Но чем сложнее, тем интереснее. Уже ширился и ликовал азарт – приключение, приключение, приключение! Новые вершины и их покорения, планы, впечатления, очередной полет к звездам. Именно поэтому обратно в Леа я не торопилась.
* * *Манолас.
Аид.
(Stive Morgan – Hover Above The Ground)
Шанс призрачный. На то, что она увидит, поймет, прибудет. Собственно, Санара на успех и не надеялся, но все равно впервые согласился на интервью, чтобы использовать единственную возможность передать послание. Передал. Дальше… ждать? Нет, просто работать.
Он уже с утра прокрутил в голове все варианты дальнейшего развития событий, если сегодняшний день, как и другие, он проведет один – бессмысленные дознания по кругу, один и тот же набор вопросов и ответов, вечером «бал». На нем он преступит все-таки закон, незаметно допросит ружана, после, если тот невиновен, выстроит обратный Мост Времени.
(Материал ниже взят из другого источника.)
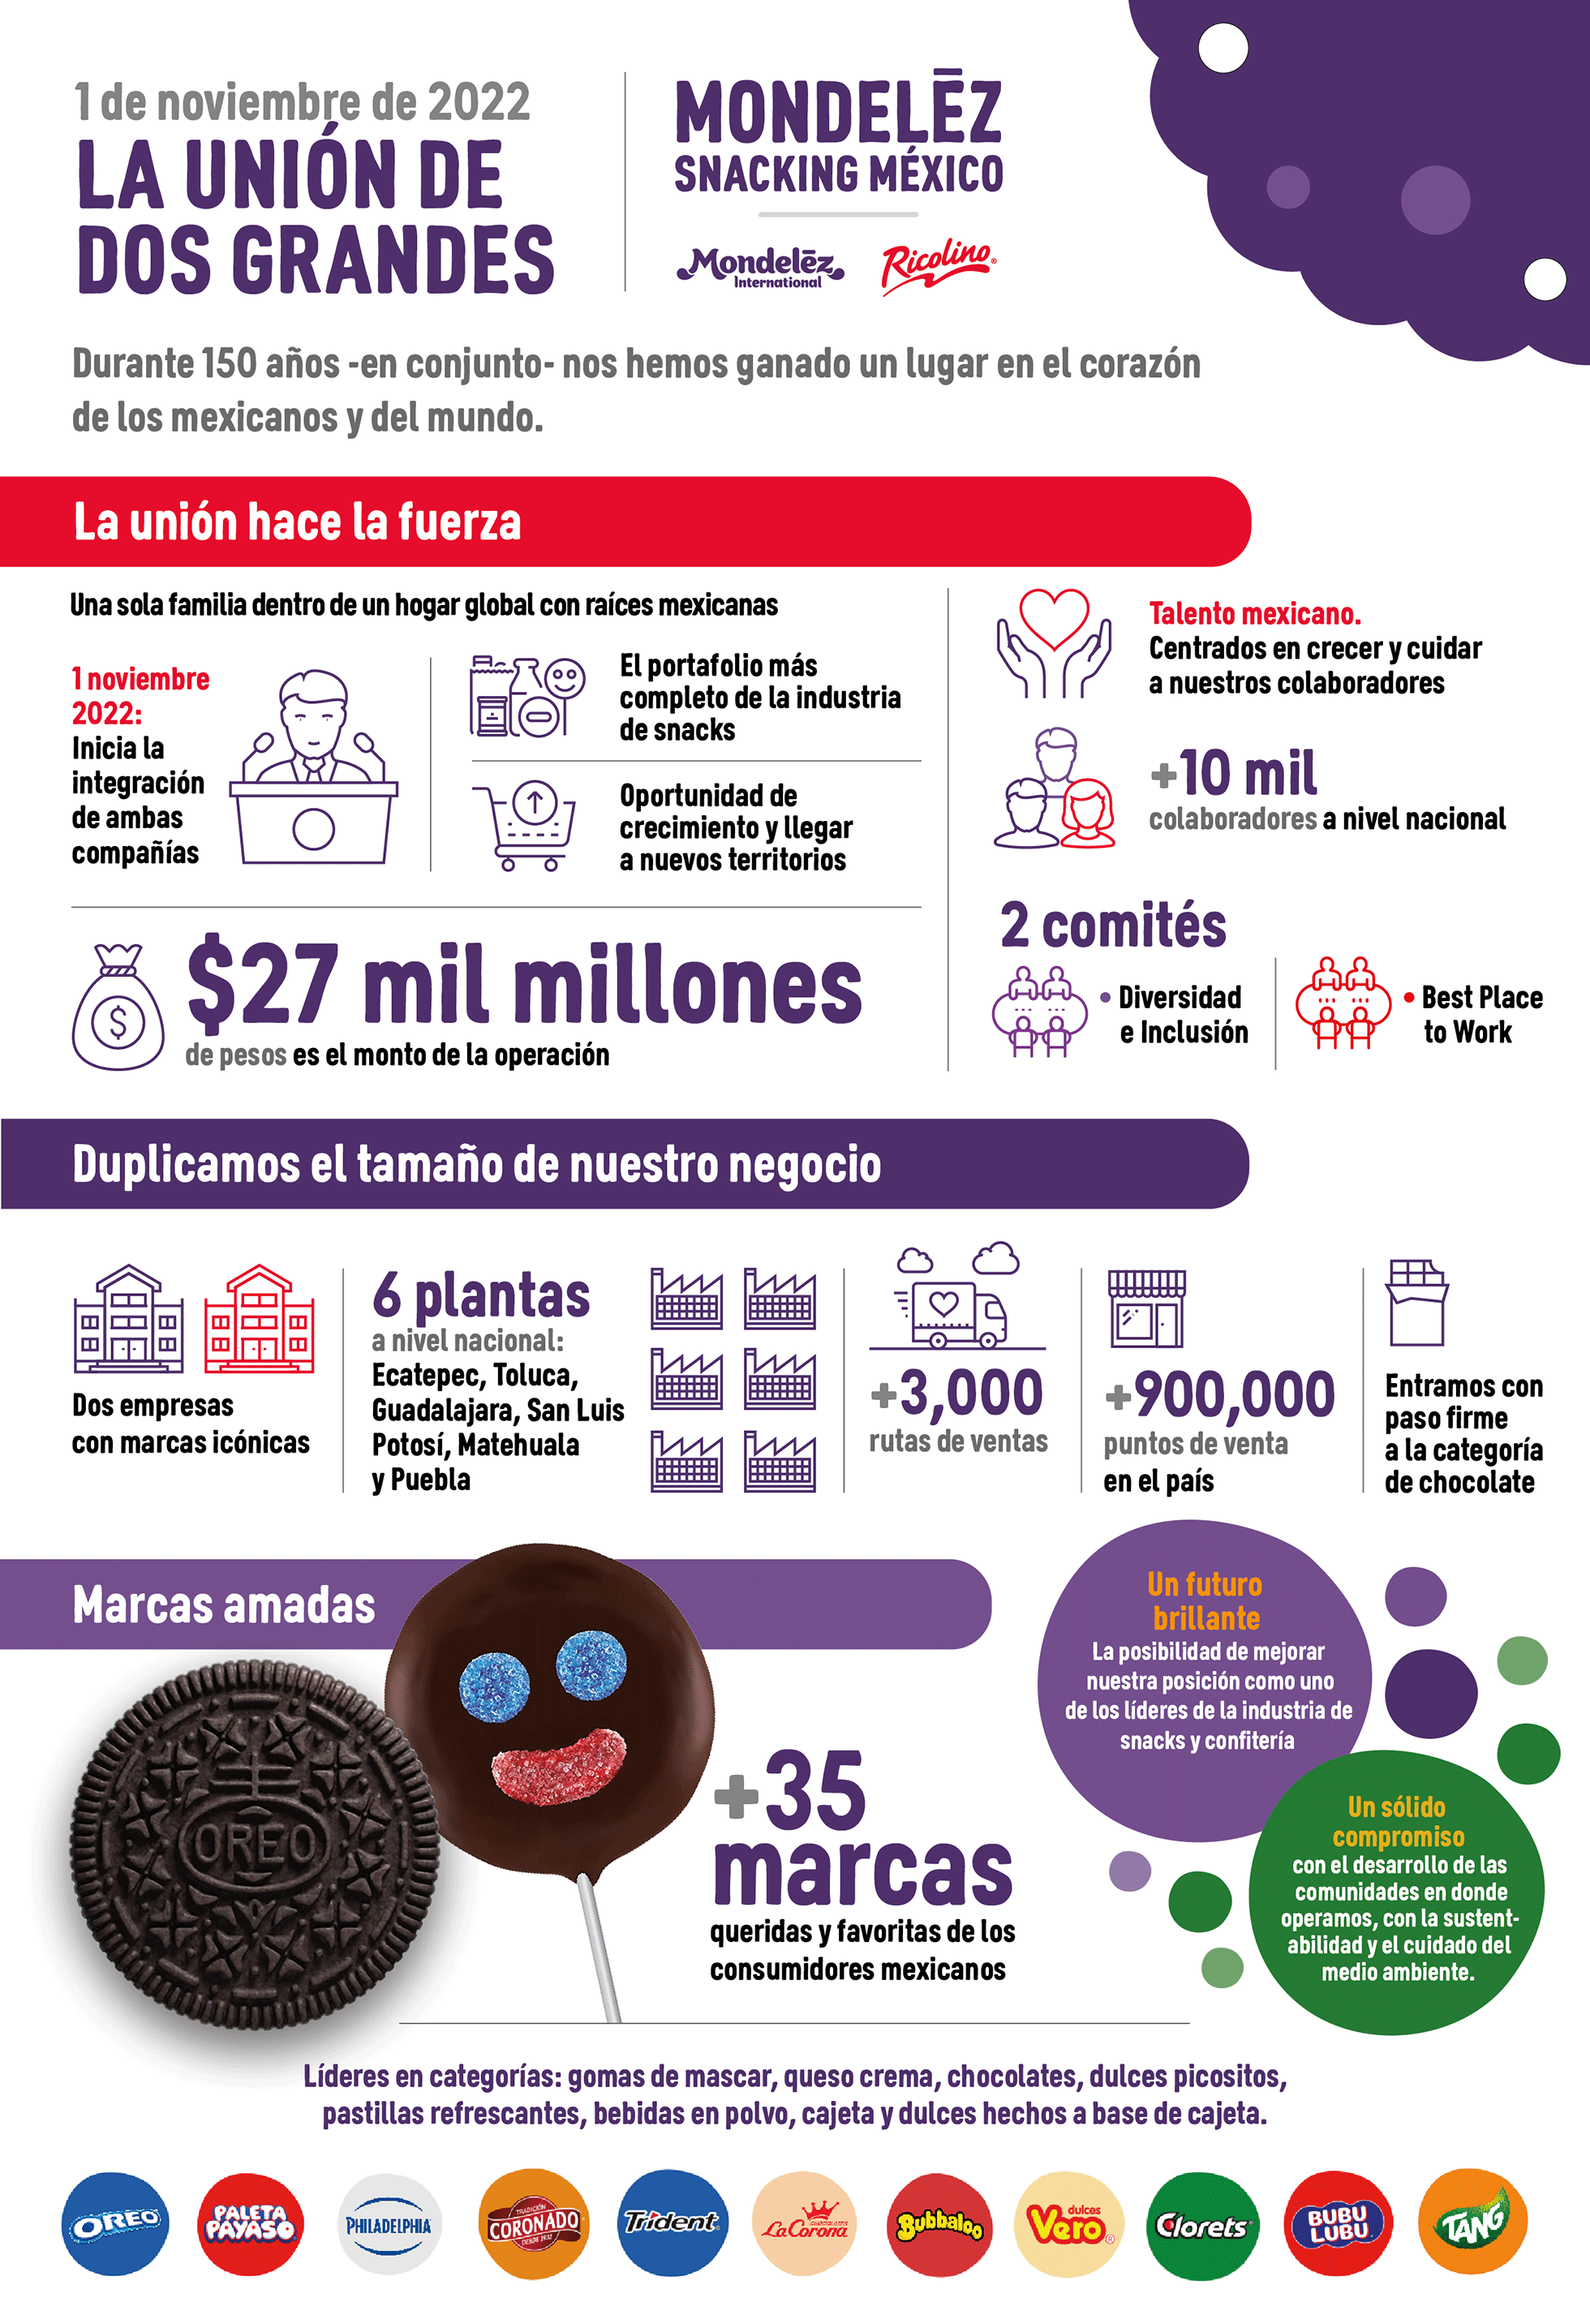 MDLZ Mexico y Ricolino infographic

Далее по кругу. Если не повезет сразу, потратит на Мосты много времени, сумеет за вечер «опросить» человек семь-восемь. Муторно, нудно, энергозатратно и очень долго. Других вариантов, увы, нет.
Шагая по раскаленной уже к обеду земле прочь от съемочного фургона, Аид кривился от вида шатра. Как же надоела эта затхлая вода из фляг, запах пота местных охранителей, невозможность нормально помыться в полевых условиях и нужда по кругу загонять под этот цирковой купол рудокопов. Сейчас он убил бы за возможность отключить центры обоняния в собственном мозгу – чем дальше, тем сильнее раздражался от необходимости дышать местной дурман-травой.
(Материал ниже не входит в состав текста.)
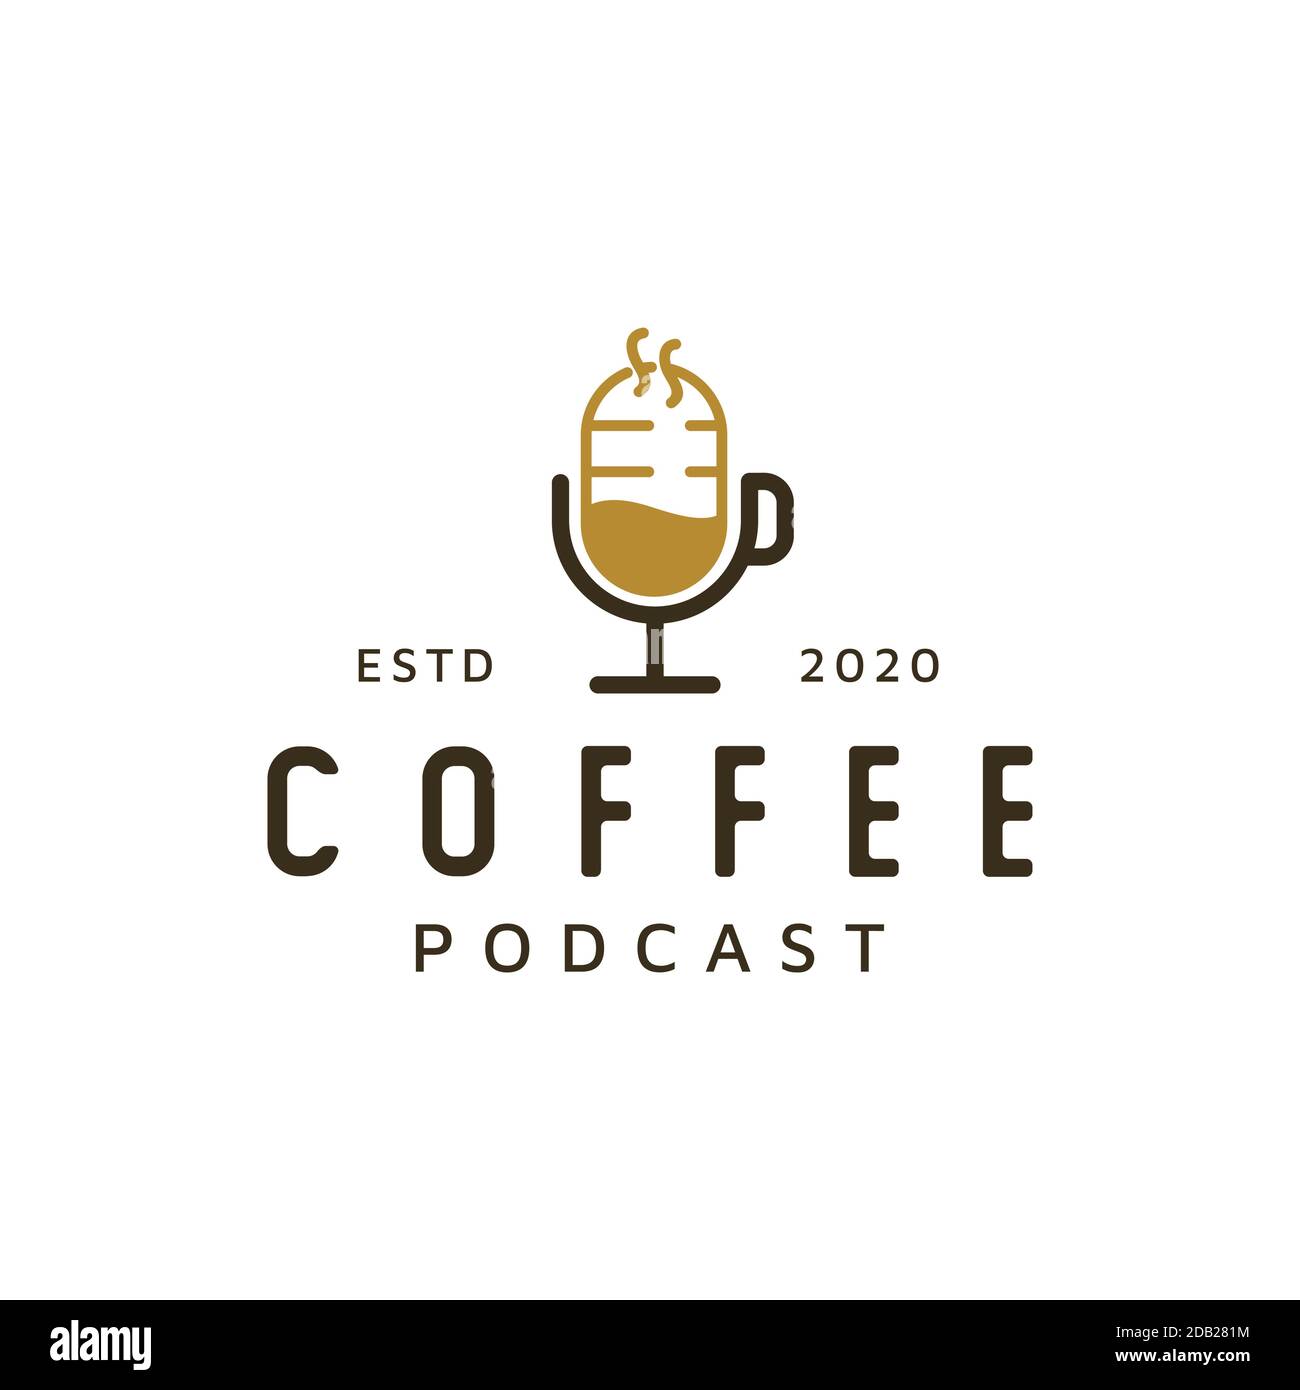 Coffee Podcast Logo Design inspiration Stock Vector

Внутрь вошел быстрым шагом, почувствовал, что вспотел под хламидой.
– Ваше Святейшество, кого из заключенных позвать? – постовой вытянулся в струну.
– Никого, – рыкнул Аид, ощущая себя не «святейшеством», а «демоничеством». – Перерыв.
Перед тем как вновь нырнуть в бессмысленные дознания, он хотел посидеть в тени, передохнуть.
* * *Софос.
Нова.
Даже если с максимальной скоростью ветра в четыреста километров в час, все равно долго. Обернуться световой волной? Наверное, это удивительно – чувствовать себя светом, быть им. Но откуда-то я знала совершенно точно – жечь свой ресурс в случае обращения в фотоны я буду быстро. Не пойдет. Поставленную задачу мне хотелось решить не просто приятно и красиво, но еще и легко. Имею право выбирать. Какие варианты? Телепортация физического тела при наличии в голове ограничивающих убеждений? Возможна, но со сбоями. Хотелось еще легче, еще проще…
И тогда возник в голове ответ – сон. Для того, кто не видит особенной разницы между сном и явью, границы расстояний стираются легко, и, значит, возможно заснуть в одном месте, а проснуться в другом.
В это мне верилось. И это, что самое важное, хотелось попробовать.
Забираясь в кровать после обеда вполне довольной и сытой, я набирала мысленные установки о том, каким должно быть мое пробуждение – спокойным, комфортным, в одиночестве, неподалеку от Санары. Чтобы не холодная земля, но густая трава, чтобы та же одежда, хотя ее я смогу за минуту изменить на любую.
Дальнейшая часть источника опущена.